Your answer must restate the listing below word for word and contain no images.

[PROVIDED MATERIAL Boundary: Start]

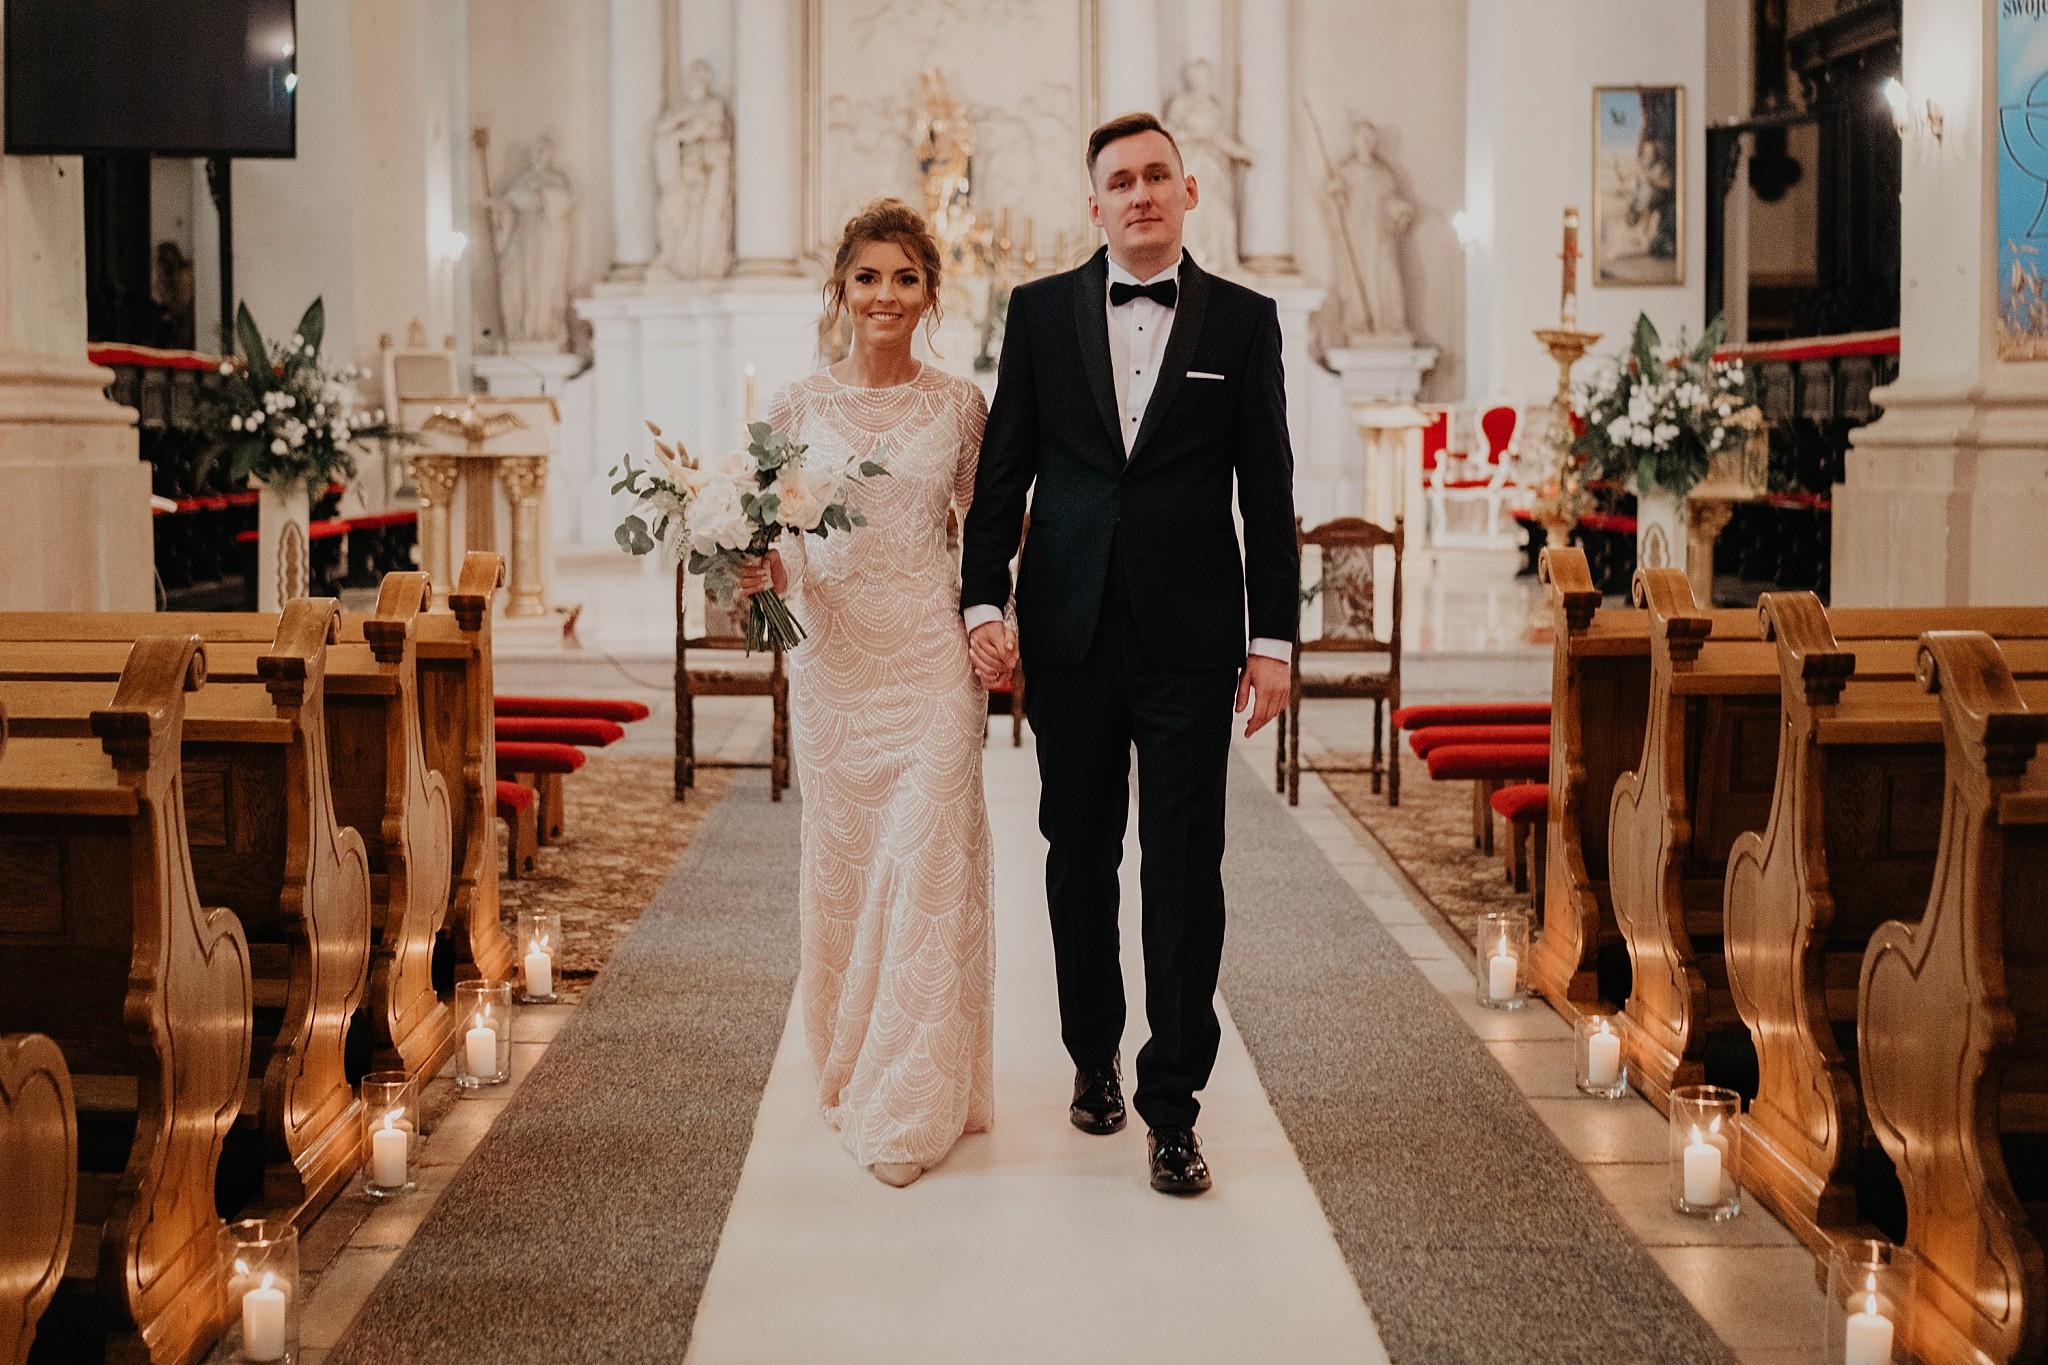 fotograf poznan wesele dobra truskawka piekne wesele pod poznaniem wesele w dobrej truskawce piekna para mloda slub marzen slub koronawirus slub listopad wesele koronawirus 212
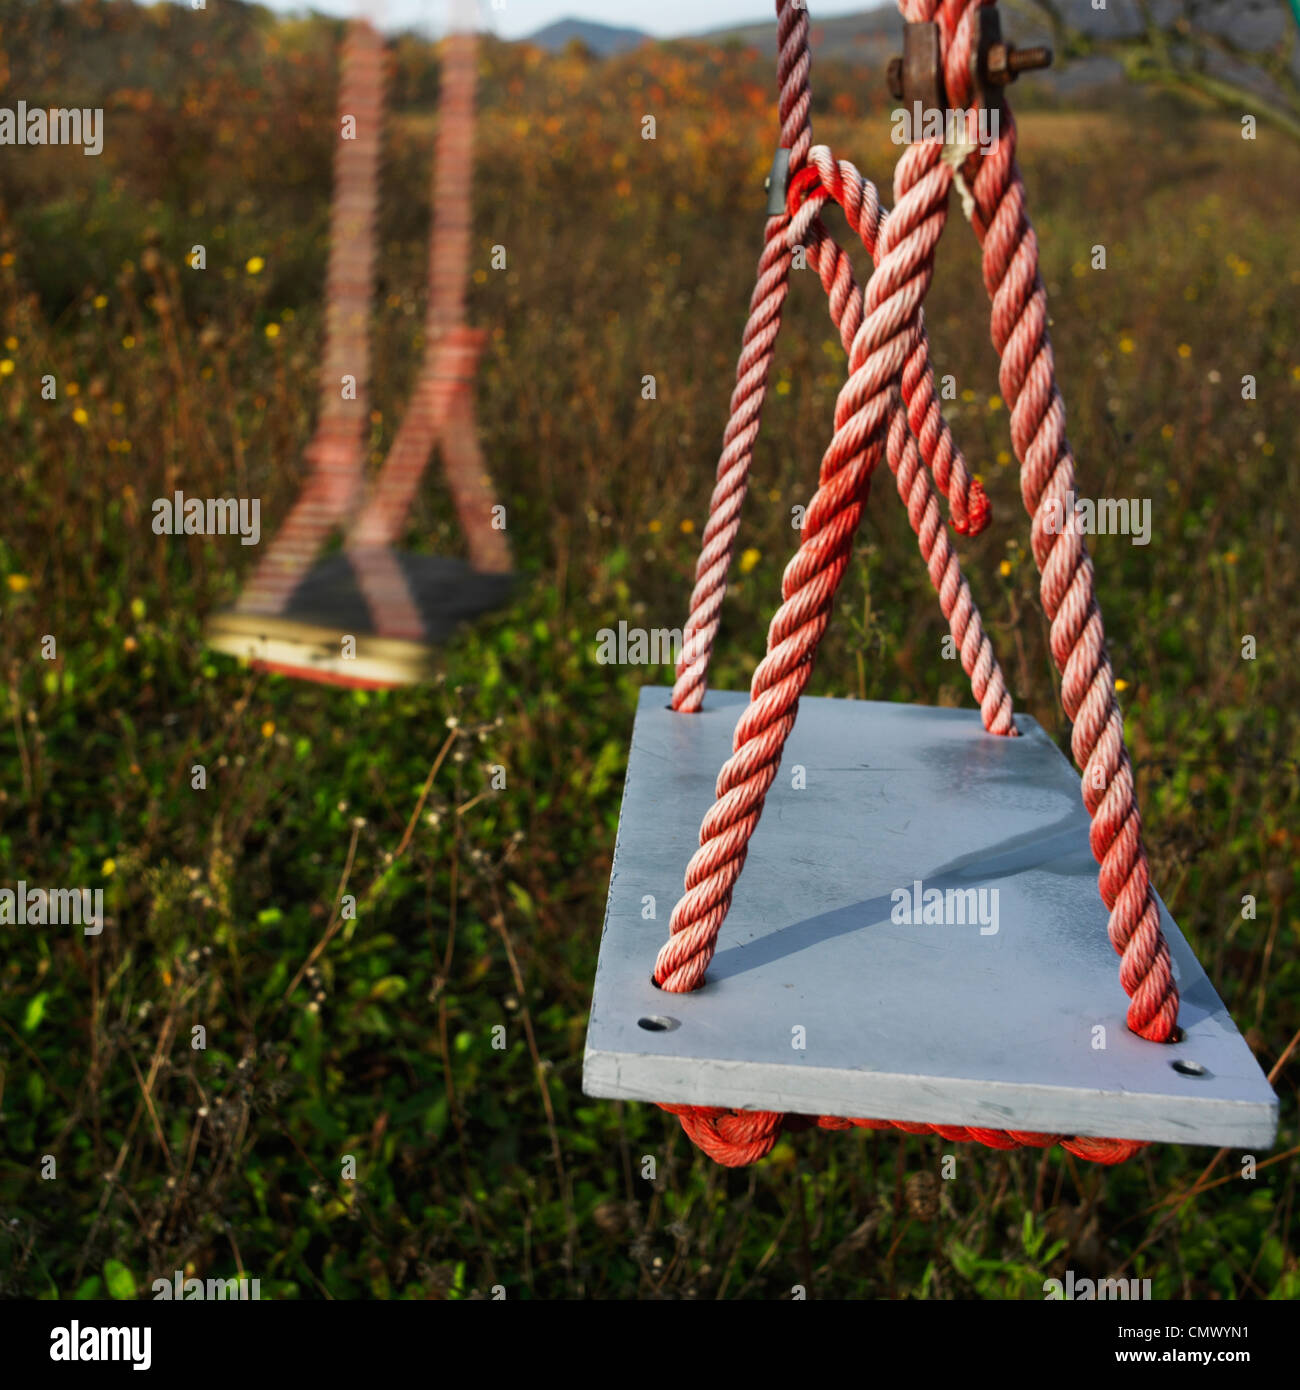 Two swings - Stock Image
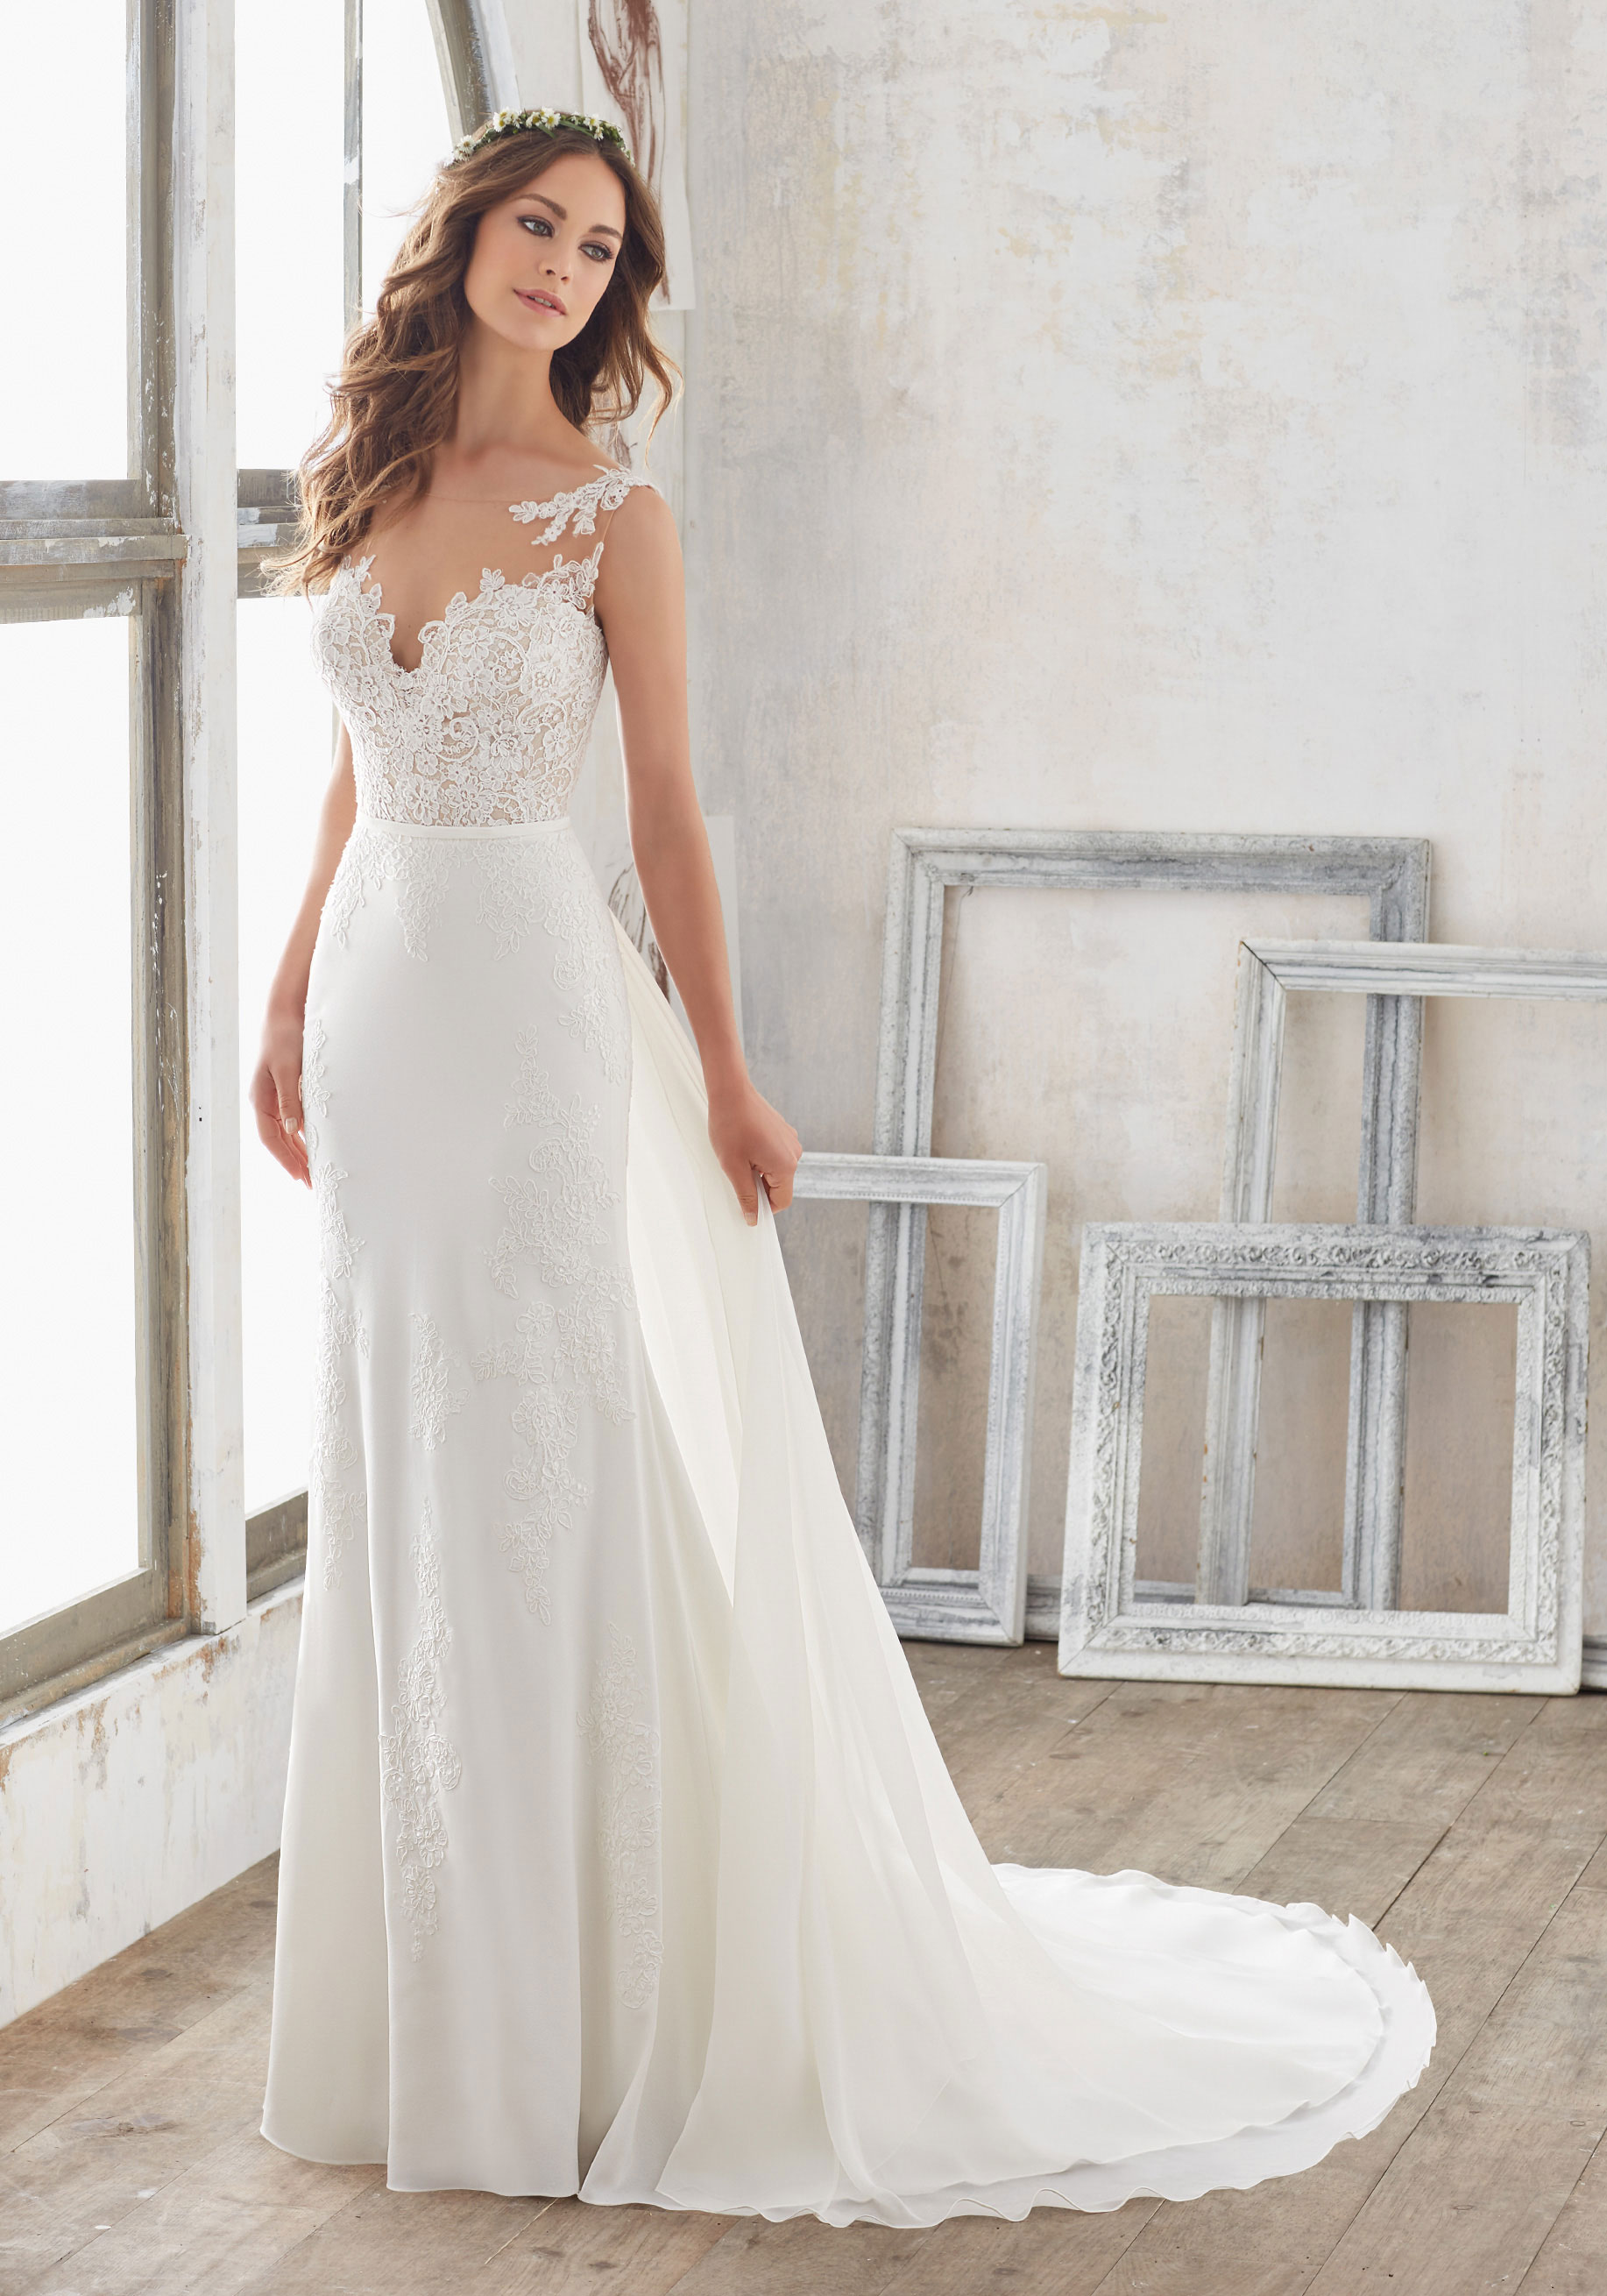 long sleeve wedding dresses under 1000 photo - 1

[PROVIDED MATERIAL Boundary: End]

■ **SOLUTION**:
 fotograf poznan wesele dobra truskawka piekne wesele pod poznaniem wesele w dobrej truskawce piekna para mloda slub marzen slub koronawirus slub listopad wesele koronawirus 212
 Two swings - Stock Image
 long sleeve wedding dresses under 1000 photo - 1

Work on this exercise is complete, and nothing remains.